Description
Short description: Copying mutable.HashSet (adding all elements of a mutable.HashSet to an empty mutable.HashSet) is very slow.
Cause: Excessive collisions results from the characteristic of the FlatHashTable#index method and lack of the sizeHint method.
Possible fix: Modify FlatHashTable#index method and/or implement sizeHint method.
Detailed Description:
Running attached benchmark script, copying mutable.HashSet is 100x slower than java.util.HashSet.
This only occurs when adding all elements of a mutable.HashSet to an empty HashSet.
If we sort the values before adding to a HashSet, it runs fast.
After careful inspection, I found that:
- HashSet is implemented using FlatHashTable, an open addressing hash table with linear probing.
- HashSet nor FlatHashTable implements sizeHint, so that the hash table grows as elements are added.
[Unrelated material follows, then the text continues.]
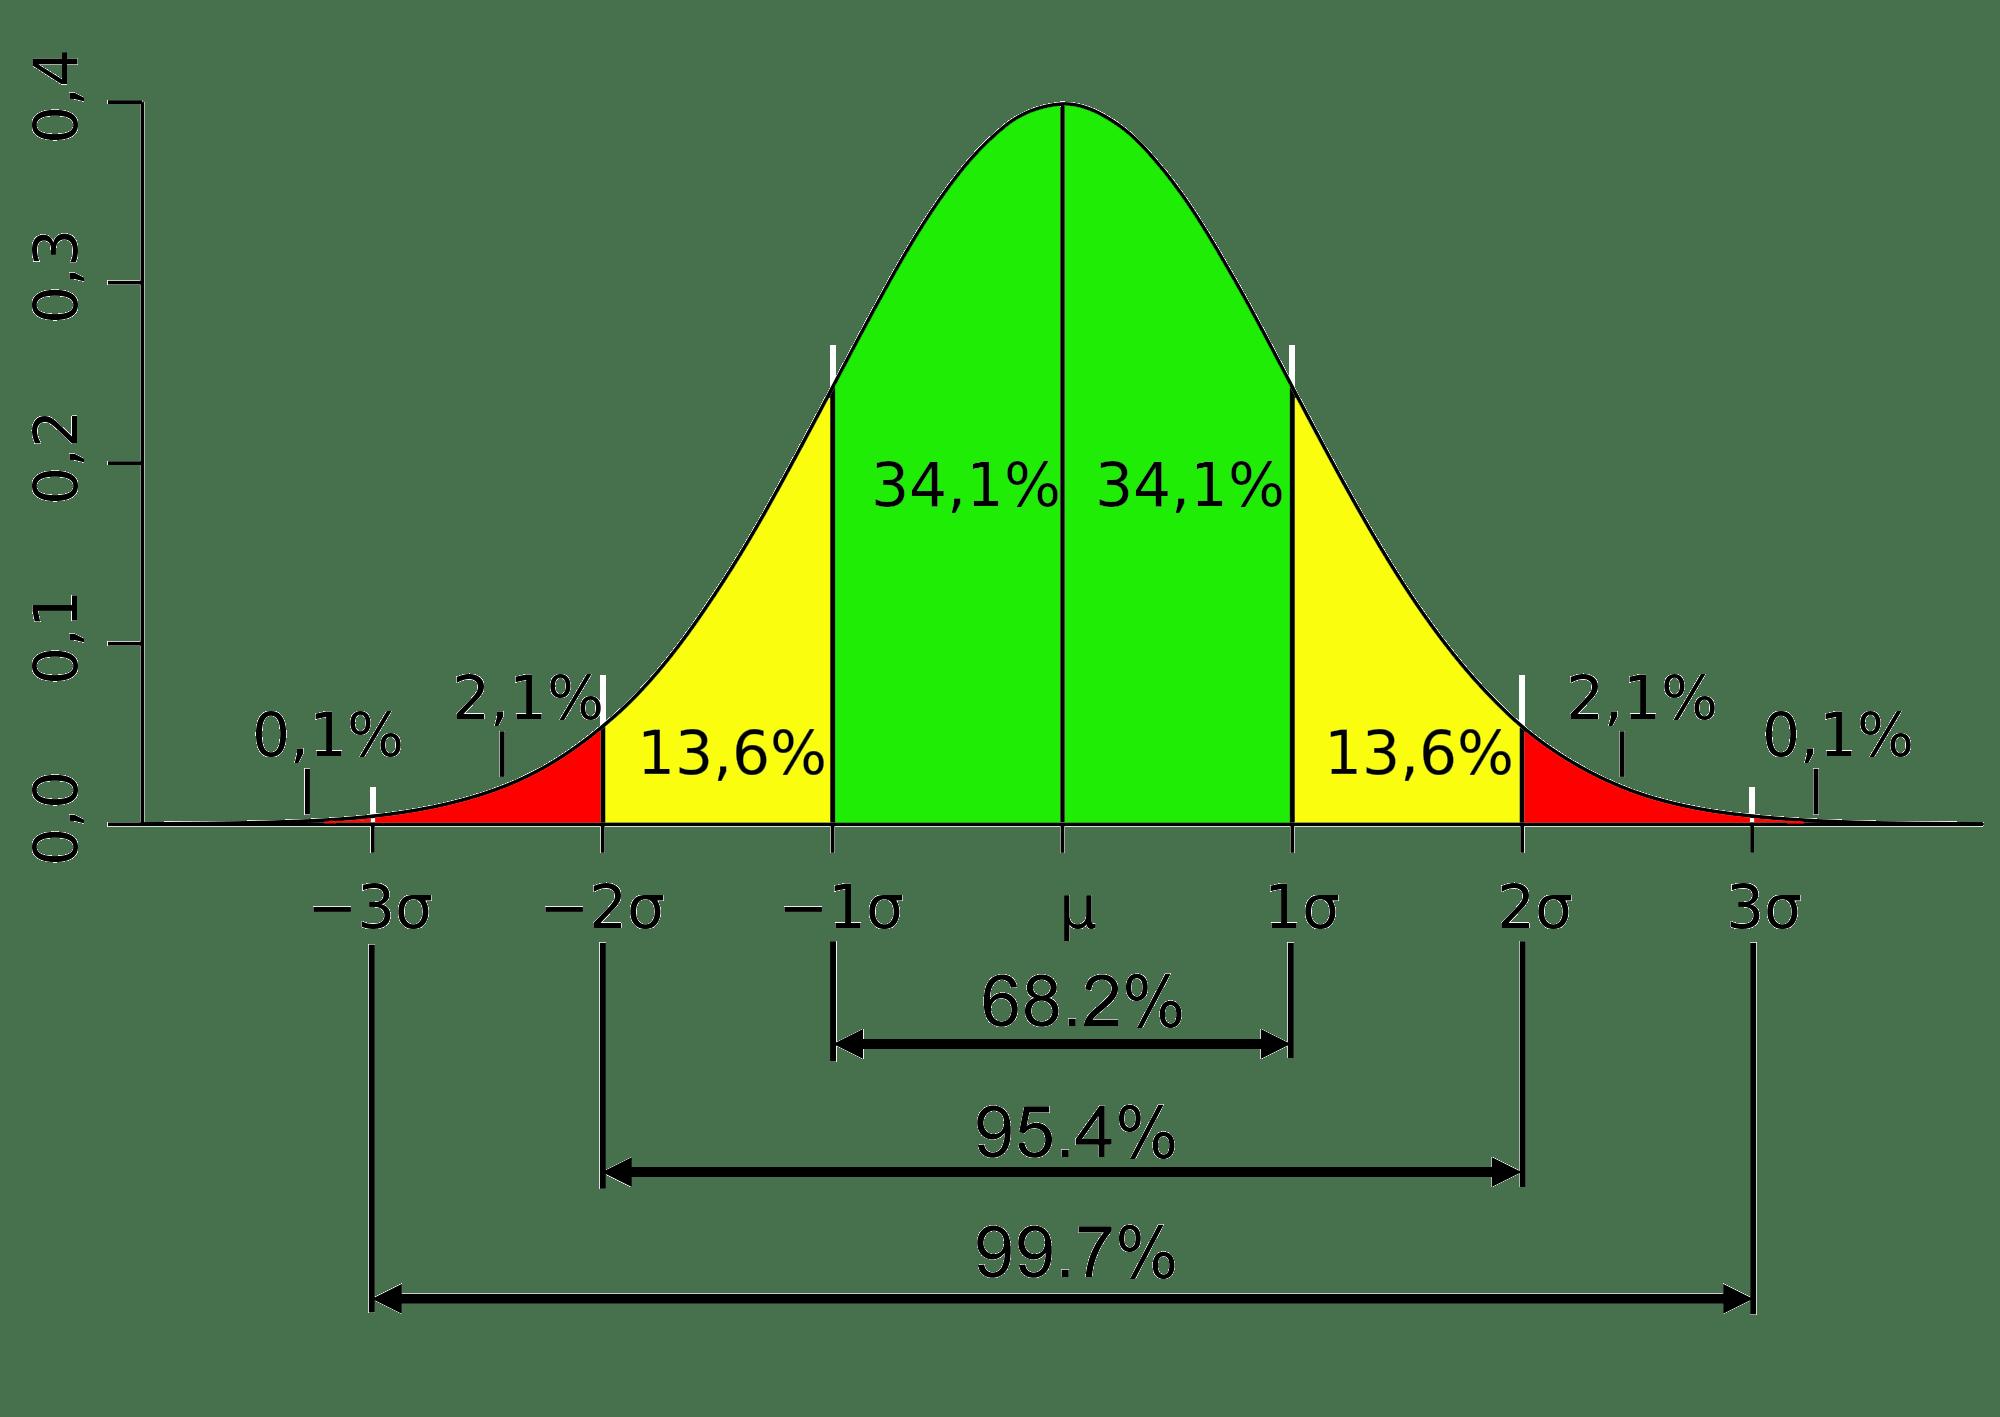 Basic Newsroom Math And Statistics

- FlatHashTable#index, the method computing the slot index, uses the upper bits of improved hash code.
- The smaller hash table, the fewer bits are used.
- The foreach method enumerates the elements in FlatHashTable#index order.
- Consequently, the higher bits of improved hash codes of successive elements are almost same.
- This results in higher collision rate until the table grow up enough.
The FlatHashTable#index method is modified at 2.9.x.
At 2.8.x, it uses the lower bits of improved hash code, so that the problem does not occurred.
A possible fix is to use the lower bits of improved hash code, but I am not sure about other impacts on characteristics of the method.
Another possible fix is to implement sizeHint method and call it from ++= and other methods.